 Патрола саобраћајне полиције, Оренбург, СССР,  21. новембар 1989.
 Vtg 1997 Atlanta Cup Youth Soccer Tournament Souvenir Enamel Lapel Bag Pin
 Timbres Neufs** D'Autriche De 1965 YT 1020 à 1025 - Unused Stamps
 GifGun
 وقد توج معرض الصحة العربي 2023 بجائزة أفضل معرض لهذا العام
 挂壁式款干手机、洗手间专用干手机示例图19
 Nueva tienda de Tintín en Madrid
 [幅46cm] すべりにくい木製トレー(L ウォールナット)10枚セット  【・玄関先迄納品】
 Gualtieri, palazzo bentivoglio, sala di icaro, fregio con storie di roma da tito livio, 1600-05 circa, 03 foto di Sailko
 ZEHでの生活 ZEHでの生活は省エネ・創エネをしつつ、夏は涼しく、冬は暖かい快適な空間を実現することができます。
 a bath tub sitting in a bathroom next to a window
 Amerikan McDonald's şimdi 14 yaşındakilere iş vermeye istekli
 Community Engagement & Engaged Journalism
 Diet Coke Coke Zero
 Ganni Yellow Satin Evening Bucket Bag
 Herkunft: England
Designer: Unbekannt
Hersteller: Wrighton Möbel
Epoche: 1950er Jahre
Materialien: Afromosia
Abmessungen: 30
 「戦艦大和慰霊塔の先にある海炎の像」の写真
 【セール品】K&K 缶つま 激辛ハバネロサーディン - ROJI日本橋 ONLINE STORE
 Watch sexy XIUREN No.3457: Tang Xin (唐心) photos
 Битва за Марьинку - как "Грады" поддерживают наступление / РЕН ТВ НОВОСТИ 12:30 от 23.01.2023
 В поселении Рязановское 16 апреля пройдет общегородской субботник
__________________________________________________
__Try it__:
Please output only the lines from the first line of the entries through the line with "[幅46cm] すべりにくい木製トレー(L ウォールナット)10枚セット", both included, exactly as written.

__Response for this exercise__:
 Патрола саобраћајне полиције, Оренбург, СССР,  21. новембар 1989.
 Vtg 1997 Atlanta Cup Youth Soccer Tournament Souvenir Enamel Lapel Bag Pin
 Timbres Neufs** D'Autriche De 1965 YT 1020 à 1025 - Unused Stamps
 GifGun
 وقد توج معرض الصحة العربي 2023 بجائزة أفضل معرض لهذا العام
 挂壁式款干手机、洗手间专用干手机示例图19
 Nueva tienda de Tintín en Madrid
 [幅46cm] すべりにくい木製トレー(L ウォールナット)10枚セット  【・玄関先迄納品】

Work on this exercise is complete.